SARS-CoV-2 has been the cause of a global pandemic since 2019 and remains a medical urgency. siRNA-based therapies are a promising strategy to fight viral infections. By targeting a specific region of the viral genome, siRNAs can efficiently downregulate viral replication and suppress viral infection. However, to achieve the desired therapeutic activity, siRNA requires a suitable delivery system. The VIPER (virus-inspired polymer for endosomal release) block copolymer has been reported as promising delivery system for both plasmid DNA and siRNA in the past years. It is composed of a hydrophilic block for condensation of nucleic acids as well as a hydrophobic, pH-sensitive block that, at acidic pH, exposes the membrane lytic peptide melittin, which enhances endosomal escape. In this study, we aimed at developing a formulation for pulmonary administration of siRNA to suppress SARS-CoV-2 replication in lung epithelial cells. After characterizing siRNA/VIPER polyplexes, the activity and safety profile were confirmed in a lung epithelial cell line. To further investigate the activity of the polyplexes in a more sophisticated cell culture system, an air-liquid interface (ALI) culture was established. siRNA/VIPER polyplexes reached the cell monolayer and penetrated through the mucus layer secreted by the cells. Additionally, the activity against wild-type SARS-CoV-2 in the ALI model was confirmed by qRT-PCR. To investigate translatability of our findings, the activity against SARS-CoV-2 was tested ex vivo in human lung explants. Here, siRNA/VIPER polyplexes efficiently inhibited SARS-CoV-2 replication.

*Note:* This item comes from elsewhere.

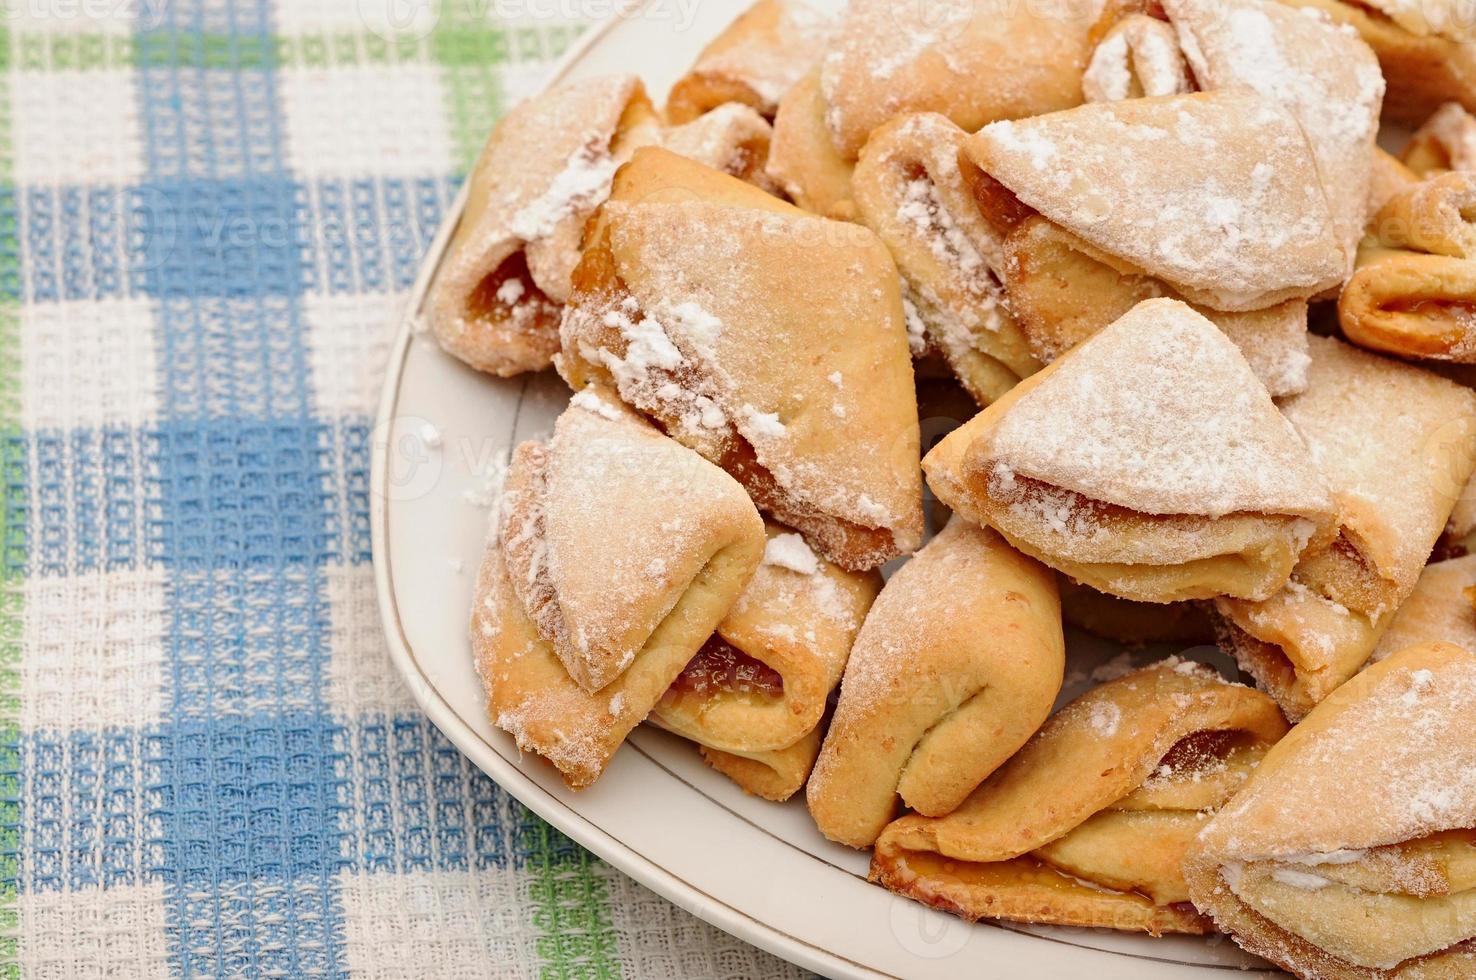 Galletas caseras de requesón con mermelada de manzana foto

Finally, we verified the delivery of siRNA/VIPER polyplexes to lung epithelial cells in vivo, which represent the main cellular target of viral infection in the lung. In conclusion, siRNA/VIPER polyplexes efficiently delivered siRNA to lung epithelial cells and mediated robust downregulation of viral replication both in vitro and ex vivo without toxic or immunogenic side effects in vivo, demonstrating the potential of local siRNA delivery as a promising antiviral therapy in the lung.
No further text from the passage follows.